Author: Zeng Xiangji

Editor:Hao Wang

At the 2019 ACM Turing Conference, Professor Zhu Songchun (UCLA) and Dr. Shen Xiangyang (Microsoft Global Executive Vice President) discussed the topic of “Path Choices in the Age of Artificial Intelligence“. Dr. Shen believes that the development of artificial intelligence will usher in a golden decade in the industry, and Professor Zhu also stated that the trend of AI development will move towards unification, from small tasks to large tasks, from six major AI disciplines to a unified approach.

The BERT model in the field of natural language processing perfectly exemplifies this rule. BERT attempts to use a unified model to handle classic tasks in natural language processing, such as reading comprehension, common sense reasoning, and machine translation. Since Google released BERT last October, it has embarked on a long journey of dominance, showing astonishing results in the top-level machine reading comprehension test SQuAD1.1, surpassing humans in all two evaluation metrics, and achieving best results in 11 different NLP tests, including pushing the GLUE benchmark to 80.4% (an absolute improvement of 7.6%) and achieving 86.7% accuracy in MultiNLI (an absolute improvement rate of 5.6%). Although recently some newcomers have surpassed this classic model in various metrics, this is merely a small modification in architecture. Undoubtedly, BERT has opened a new era in the field of natural language processing.

Recently released XLNet has surpassed BERT in several aspects, but the cross-application examples of the BERT language model with existing fields, such as legal documents and scientific papers, still hold significant meaning for the application of XLNet.

The author of this article is Zeng Xiangji, currently a master’s student at Zhejiang University, focusing on common sense reasoning and AutoML, hoping to learn and discuss research papers with everyone.

1. Introduction

Architecture diagram of BERT, GPT, and ELMo models, source: https://arxiv.org/abs/1810.04805

In the past decade, the revival of deep learning has brought tremendous changes to the field of natural language processing, especially the introduction of the simplified word embedding model word2vec in 2013 laid the groundwork for the application of deep learning in natural language processing. Since neural networks are based on numerical calculations in tensor spaces, they cannot effectively represent natural language text. A bridge is needed to complete this transformation between natural language text and neural networks, and word embeddings serve as that bridge, converting natural language text into dense numerical vectors in a lower-dimensional semantic space. However, the sentence representations after word vector conversion still have significant deficiencies in the overall semantic level because word embeddings cannot effectively address the issue of polysemy.
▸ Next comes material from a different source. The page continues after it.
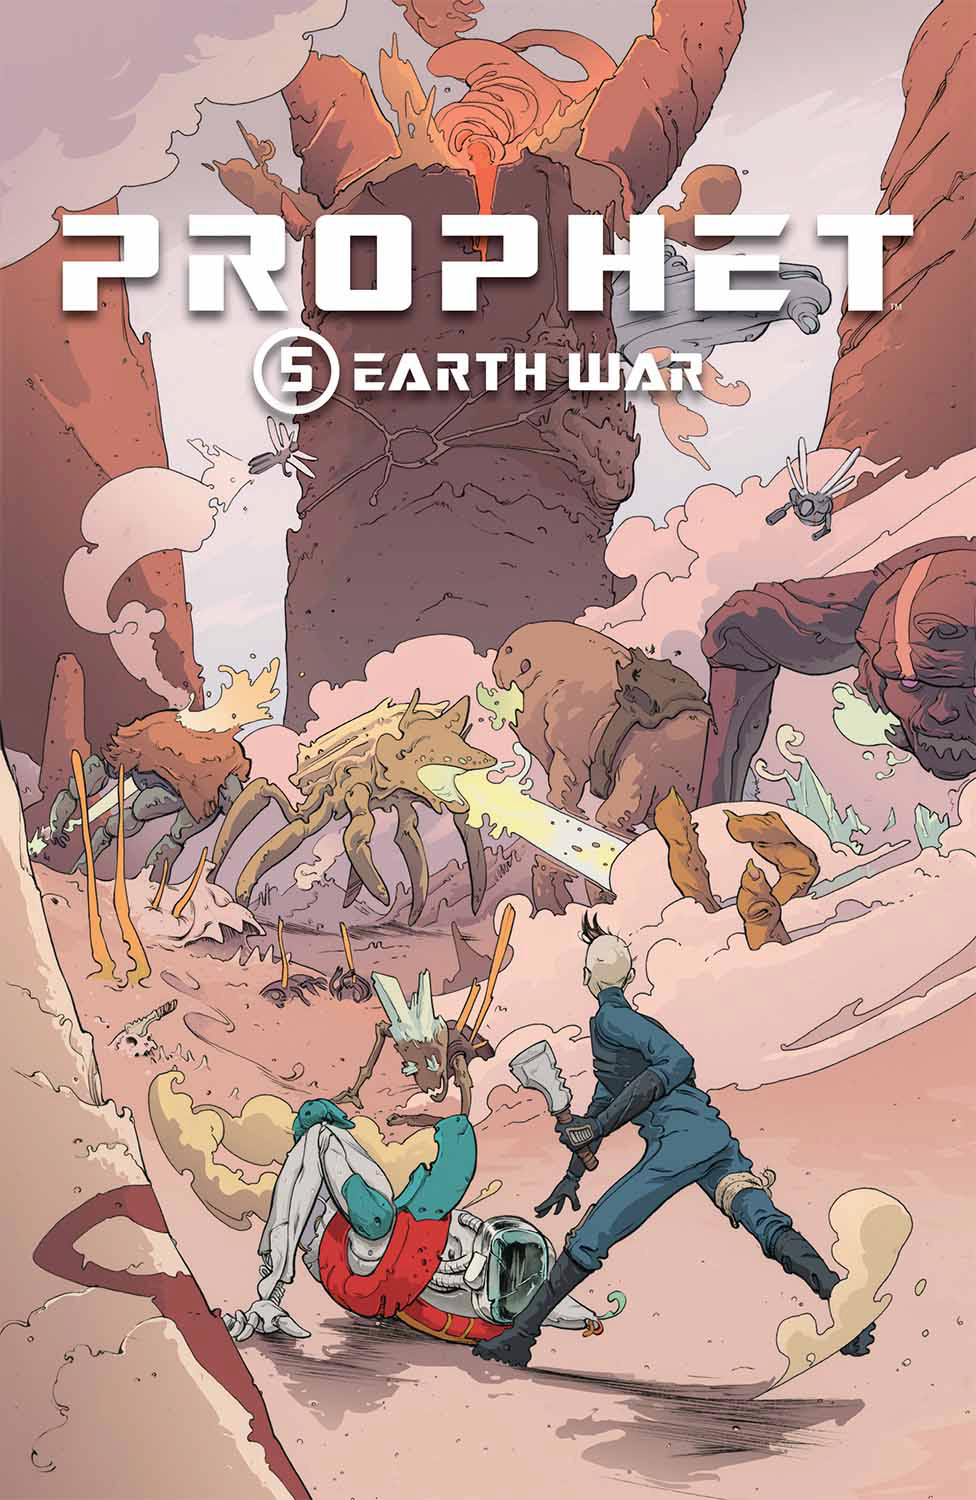 Prophet Graphic Novel Volume 5 Earth War (Mature)

Language pre-training models attempt to solve the problem of semantic representation in context from another perspective. The internet has a vast amount of text data, but most of this text is unlabeled data. The introduction of the AllenNLP ELMo model addresses the issue of obtaining contextual semantic representations from this vast amount of unmarked text data. However, limited by the capabilities of LSTM, the ELMo model is merely a network model using three layers of BiLSTM. According to traditional views, to capture more accurate semantic representations, deep learning models need to increase the depth of the model network.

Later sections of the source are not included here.